What determines the speed with which you shoot? A lot of people right now might be thinking size of the target, distance to the target those types of things, the geometry problem stuff. It's your confidence in your ability under those circumstances? Think about it. If you think it's gonna be an easy shot you apply less skill, you shoot faster.

If you think it's gonna be a hard shot which is now that's all the geometry problem stuff. If you think it's gonna be a hard shot, if you perceive it, if you recognize it as a hard shot you're gonna slow down and take your time. Does that fit with your experience when you've been shooting? You think it's gonna be easy, you shoot fast. You think it's gonna be hard, you take your time.
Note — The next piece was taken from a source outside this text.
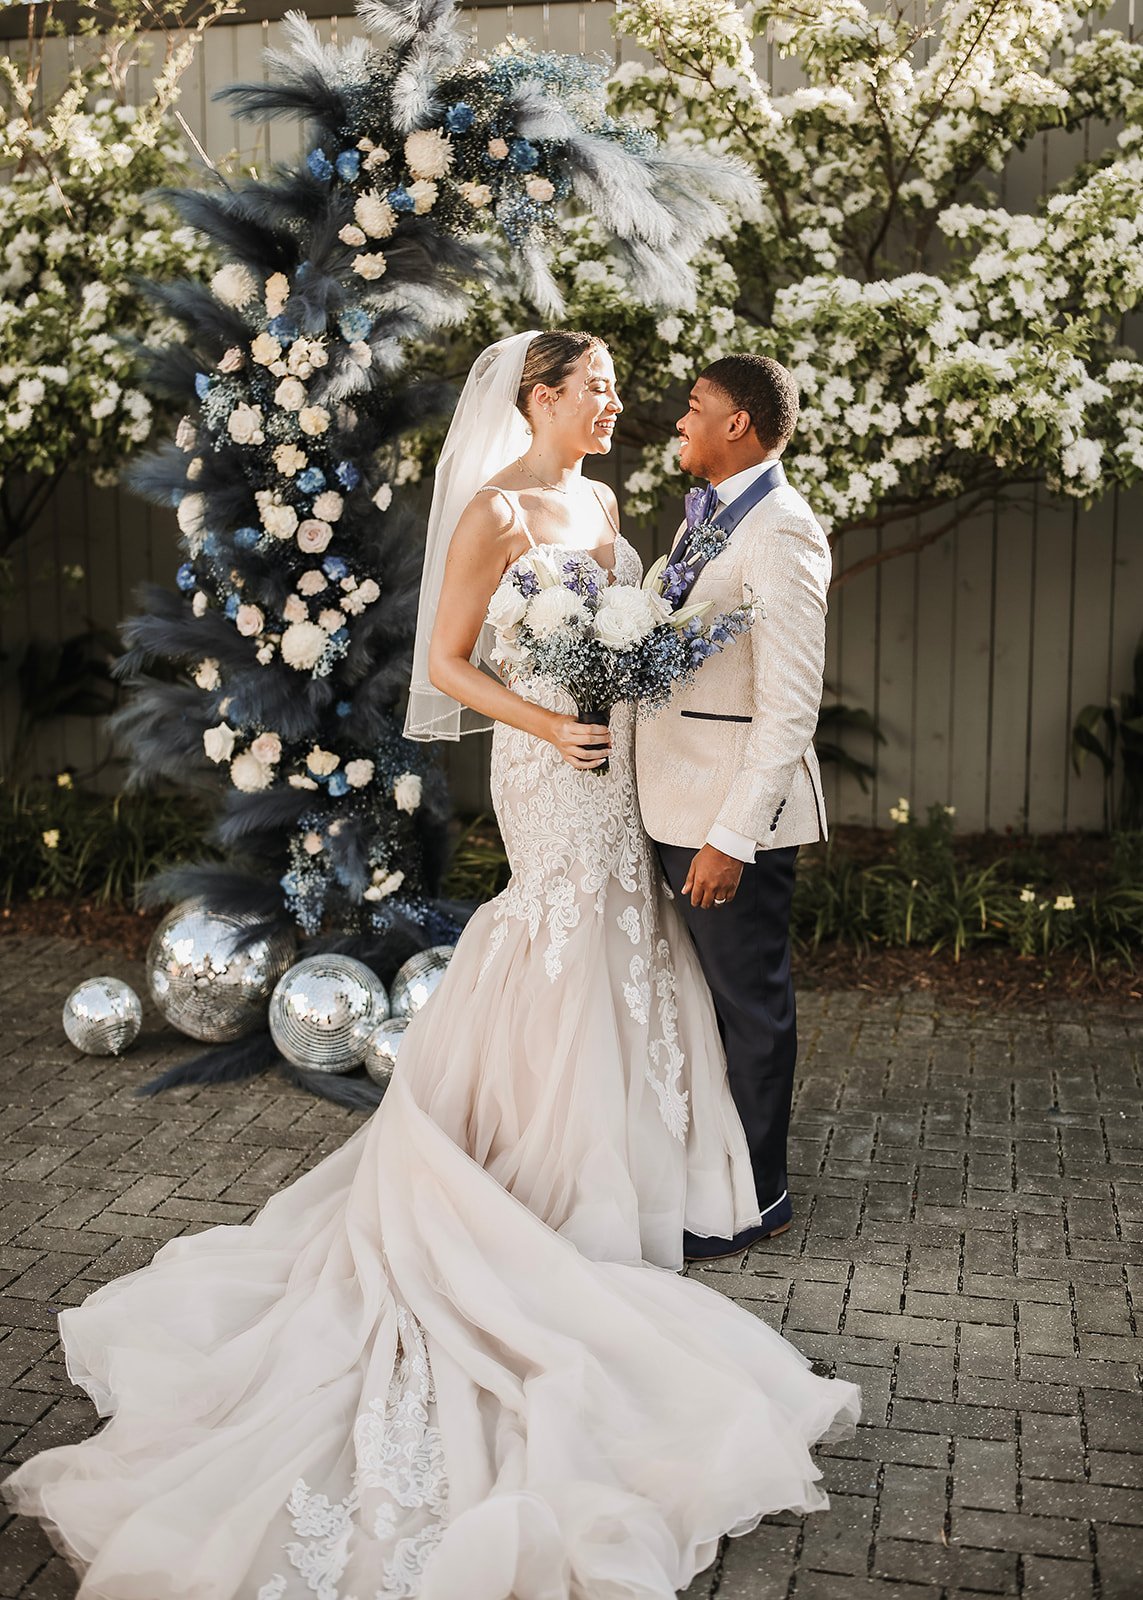 natalia-and-kelvins-starry-night-themed-wedding-at-victory-north-in-savannah-georgia-with-celestial-inspired-wedding-florals-designed-by-savannah-wedding-florist-ivory-and-beau-savannah-florist-savannah-wedding-11.jpg
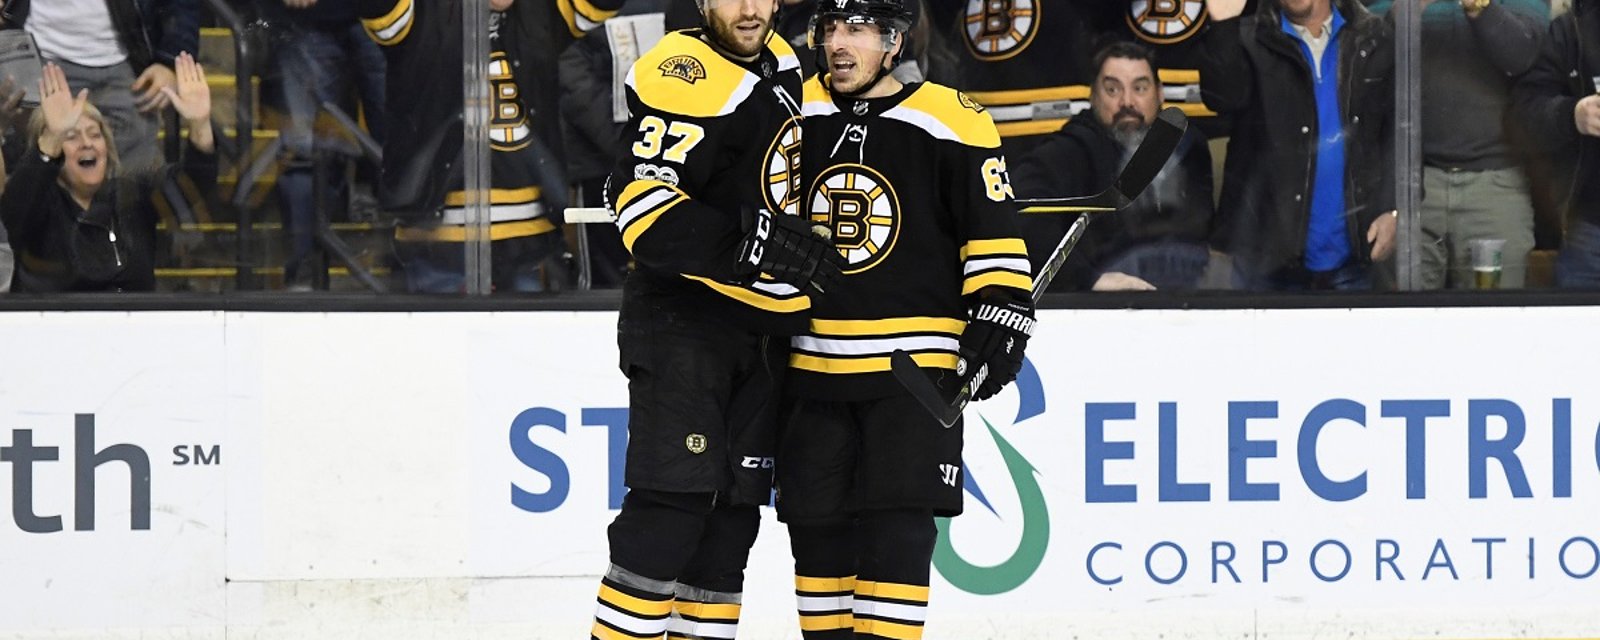 Bad news for Bergeron &amp;amp; Marchand ahead of big game against the Habs.

You may be right. You may be wrong. And how do you get more right? More practice. You spend more time, effort and energy and training to understand what you are capable of.

You can't read a book that tells you how fast you should be. You need to go out to the range and figure out how fast you are. How much time, effort and energy you have to take. Now there's an asterisk that goes on this. If you buy the book, if you go read the articles online, you watch the videos, you're almost always going to see an asterisk on this.

The old version of the asterisk is unless you are shooting out of fear. Why did I change it? Why did we as an instructor group change it? We changed it because how many of you have heard that you should only shoot when you're in fear for your life or the lives of others? You heard that kind of justification.

Why are you shooting somebody? Well I was in fear for my life. I was afraid. And that's appropriate that you are afraid and that is the reason that you're drawing your gun and shooting, right? You're gonna go into court and say "I was in fear for my life." Okay, so you were in fear for your life.

But Rob Pincus said, if you're shooting out of fear then the gun is gonna be out of control and you're shooting too fast. I don't really want that. Then it was appropriately that we changed it. Now in the old book, in the old stuff it still says out of fear. We now say out of panic.

Panic is different from fear, right? So think about panic. What's panic mean? Means we're out of control. We've seen lots and lots and lots of dash camera videos and surveillance camera videos of people shooting a lot faster than they were shooting when they were shooting that qualification course or when they were shooting at IDPA match or when they were shooting any of their training or practice because they're shooting out of panic, because all of a sudden go way back to earlier slides.

The context. The context was so different from their choreographed, staled, static training that in the real fight, it all went to hell and they drove that gun out and just started pulling the trigger really fast til the bad man stopped. That usually works, but what happens? Department average. Let's go back to that scenario.

Police department qualification score average 93%. Awesome. Really proud of you guys. You're doing a great job. Sir yeah.

Street average. Street hit average is it 92%? No, it's probably more like 22% at best, right? 12% in some places. Why?

Why the huge disparity? False confidence. We were establishing a confidence in our ability to shoot in a model that had nothing to do with the way that we actually need to apply the skills and shoot when we're trying to defend ourselves or someone else. So we have a false confidence. We thought we were a lot better than we were and actually we could be a lot better on the street but we have to train in a very different way and we have to bring those two things together.

So we stopped trying to shoot three inch groups to get a 96% and we start shooting eight inch groups really really fast to get an 81% and you're gonna go from 22 to 52, right? We have to change the training model. That's the idea.